The Idaho State Parks Passport is not a fun booklet that lets you get stamps in each state park (unfortunately). There is no such official program in Idaho. Instead, the passport is a $10 sticker that provides unlimited day-use access to every Idaho State Park. It is only available to Idaho residents and is good for one year (perfect for the Idaho State Parks Challenge). If you do not get the passport, each park will set you back $5.
If you are not from Idaho, you have the option to purchase a Motor Vehicle Entry Fee sticker for $80. You can purchase this sticker at any Idaho state park (with a visitor’s center) or online.
Other things to keep in mind on your Idaho State Parks Challenge
In Idaho, we deal with wildfires. For the most part, wildfires ruin views with haze and smoke. But every once in a while they ruin plans. We had a lot of trouble with a wildfire when we visited Dworshak. You can read about that story in my blog post about Dworshak State Park.
We have rattlesnakes in Idaho. Thankfully, we didn’t see any, but there are plenty of parks where you need to keep your eyes peeled.
We also have bears and moose, neither of which you want a close encounter with. We saw moose at a distance from the safety of our vehicle in Harriman State Park and we were warned of possible bear sightings at Henrys Lake. Thankfully, we did not encounter any.
The Idaho Department of Parks and Rec website is a great place to research each park. If you have a question about a park that you cannot find online, don’t hesitate to reach out to the park directly. The park rangers are very friendly and passionate about their parks. Asking what their favorite thing to do in the park is a good way to learn something new.

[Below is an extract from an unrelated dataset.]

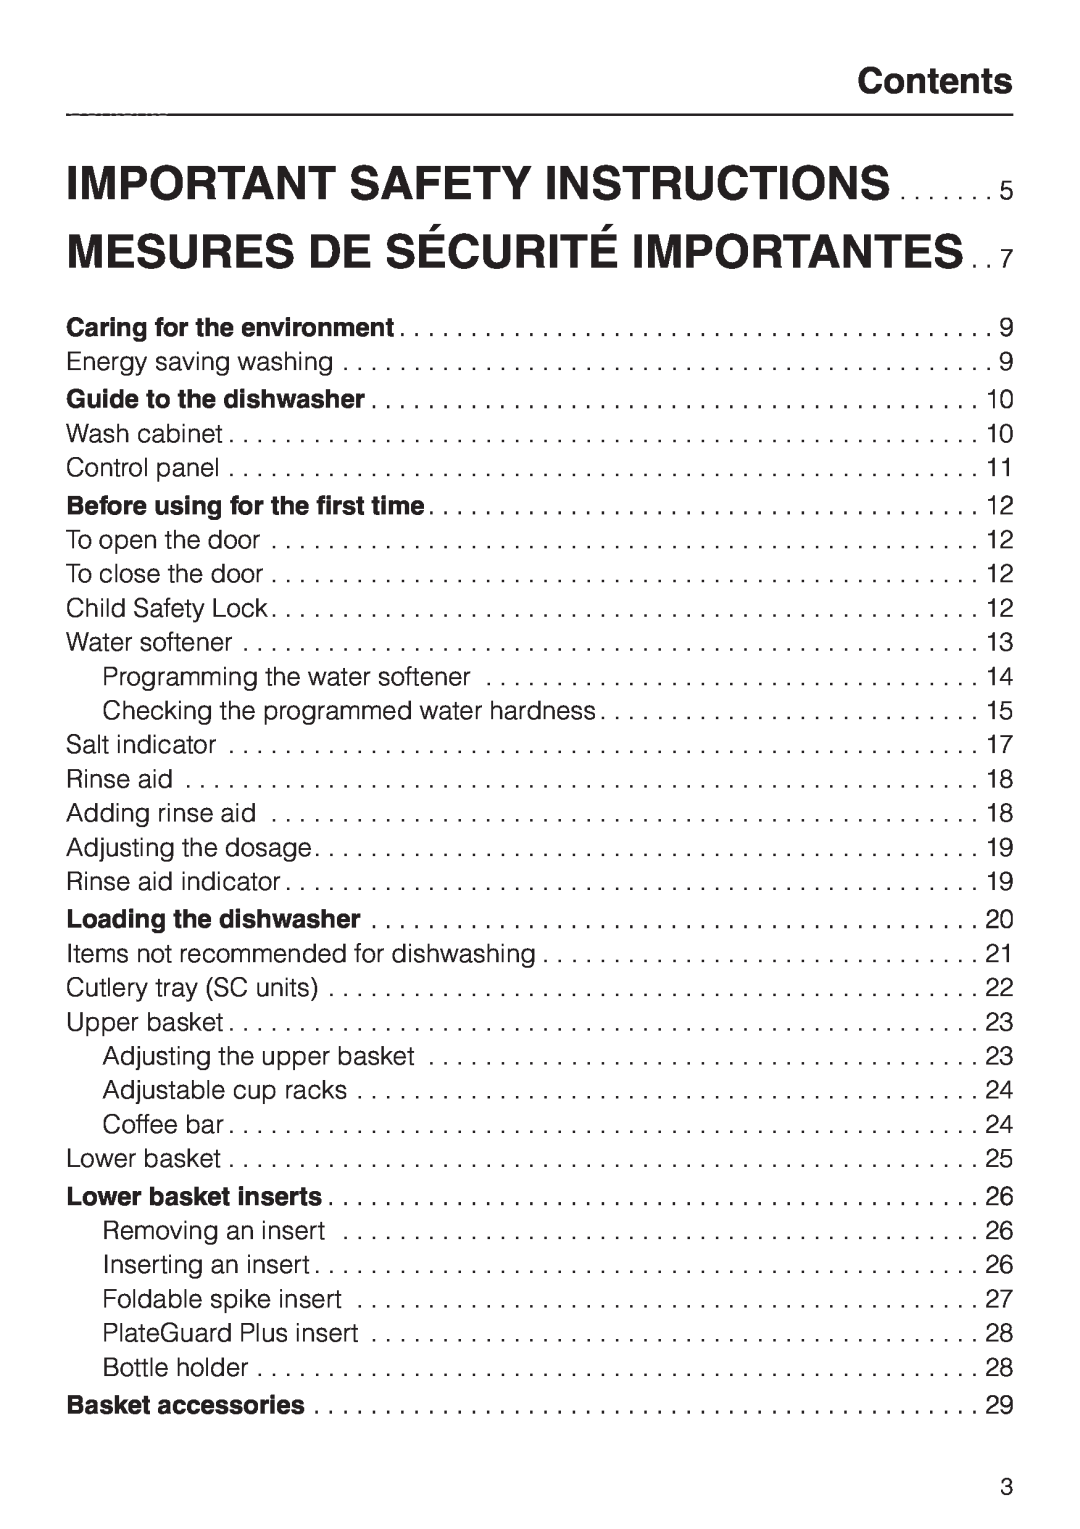 Miele G 856 SC ELITE operating instructions Important Safety Instructions, Mesures De Sécurité Importantes, Contents

Jake Davis, a park ranger at Dworshak State Park, shared all kinds of useful information with me including the following:
“Certainly though, the most unique thing about this park is the dramatic water level fluctuation. Full pool is 1600’ and minimum pool is about 1450’. I don’t believe there is any other water body in Idaho that experiences fluctuations of this magnitude.”
Who knows what else you may learn by reaching out to the park? Give it a shot and see.
To be fair, not everything you will see in Idaho will be amazing. There will be times when you understand exactly why early immigrants moved right on through to get to Oregon. It’s okay to not love every park you visit. And not everything we experienced was all sunshine and roses. Just like any trip, things went wrong. A hotel lost our reservation one night and we had to scramble to find a place to stay (they still charged me as well so I had to deal with that after we got home). Google maps took us down a cow trail instead of a road and what should have been a 10-15 minute drive took us about an hour. A wind storm and wildfire caused us a whole heap of trouble and anxiety at two different parks.
However, all of the setbacks were worth the trouble when I think back to riding horses in historic Harriman, looking down at the Oregon trail wagon ruts near Thousand Springs, swimming in the turquoise blue waters of Bear Lake and riding a tandem bike on the Trail of the Coeur d’Alenes. Idaho made 2020 not just bearable, but a wonderful experience.
If you are looking for a new challenge or goal or you just want some new insight into the 43rd state, I recommend the Idaho State Parks Challenge.